● Task item
Below are some records; output exactly the lines from the line with "Vente maison 140m² T6 69800_7" to the line with "競合他社選手庭園暗殺者Organic Children SPF", both ends kept, and nothing more.

● Extracted information

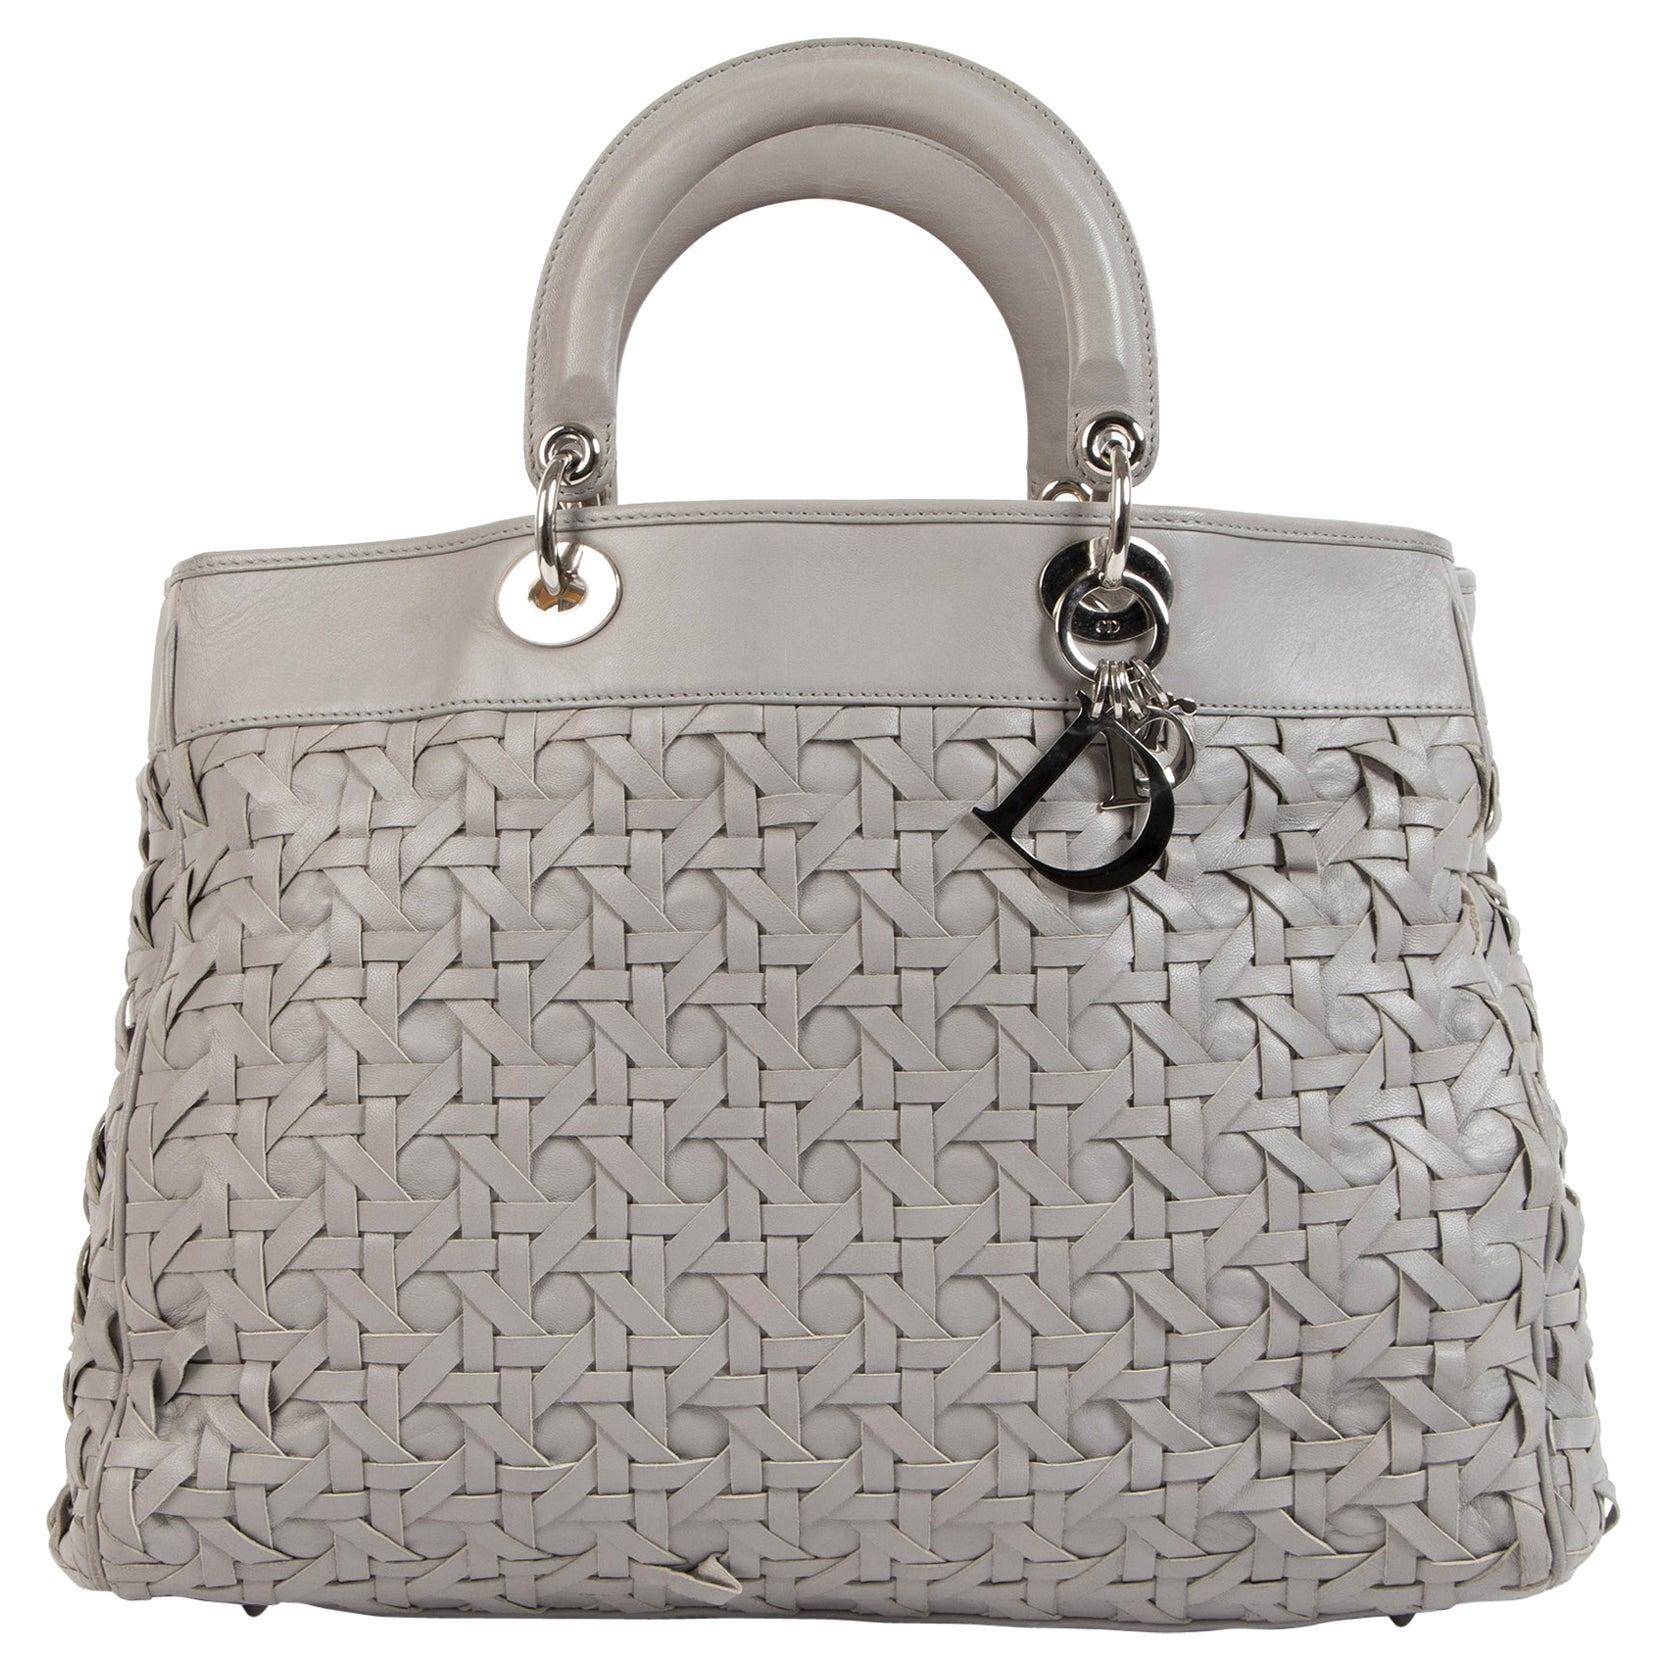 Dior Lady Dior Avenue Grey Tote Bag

* * *

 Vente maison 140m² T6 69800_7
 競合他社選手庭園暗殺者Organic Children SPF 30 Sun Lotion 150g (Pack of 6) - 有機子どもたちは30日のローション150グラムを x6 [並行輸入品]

* * *

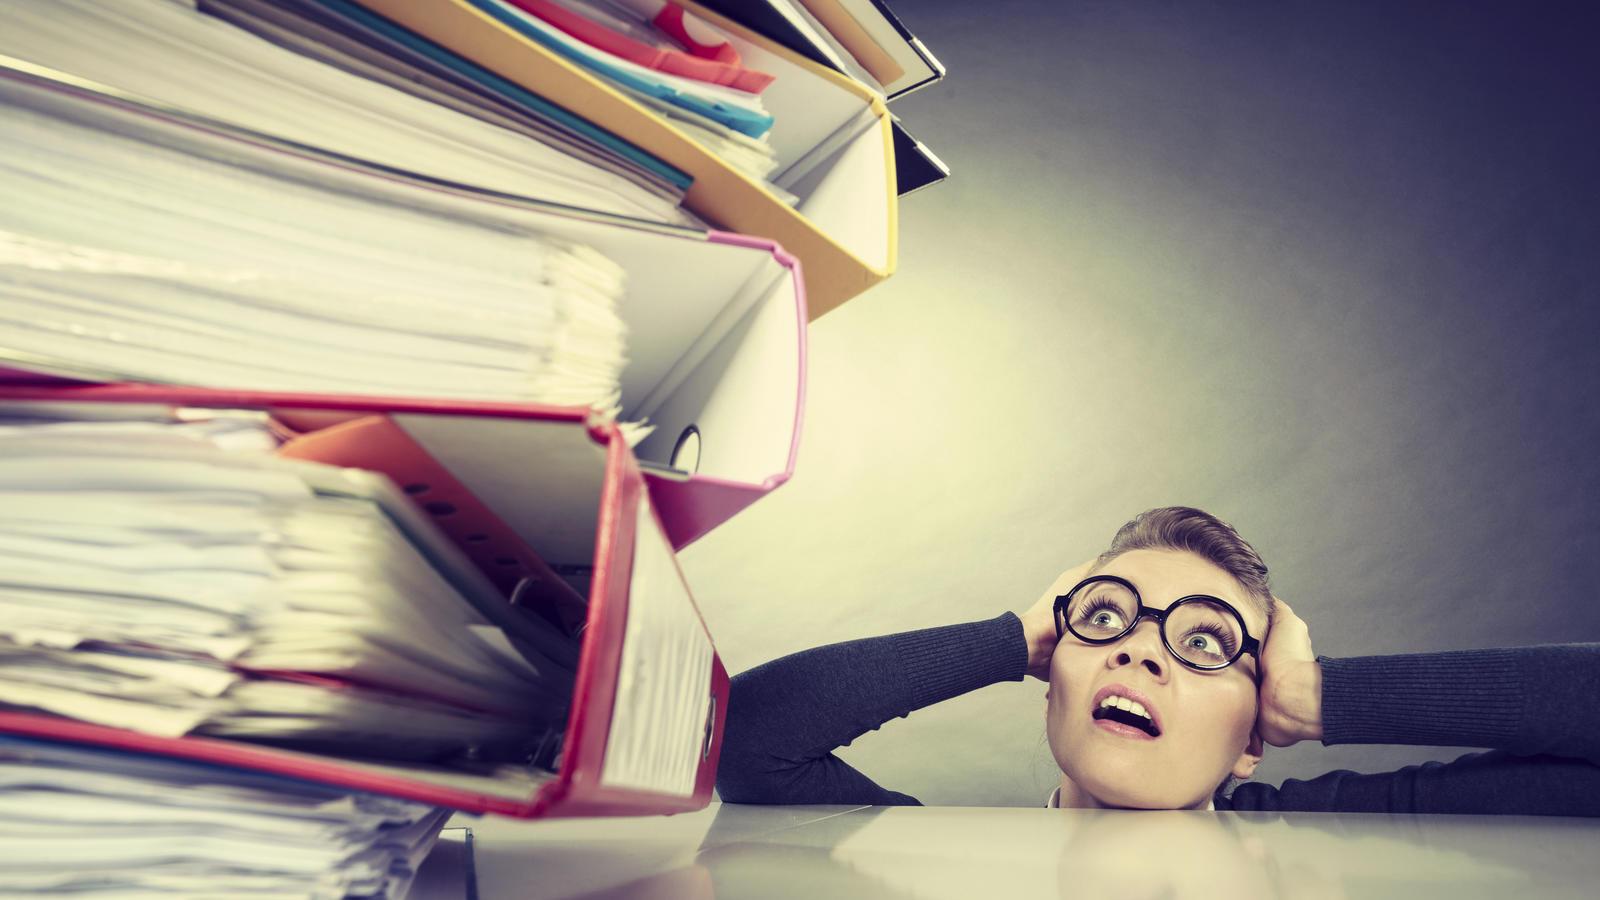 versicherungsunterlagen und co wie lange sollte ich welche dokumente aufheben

● Task answer
 Vente maison 140m² T6 69800_7
 競合他社選手庭園暗殺者Organic Children SPF 30 Sun Lotion 150g (Pack of 6) - 有機子どもたちは30日のローション150グラムを x6 [並行輸入品]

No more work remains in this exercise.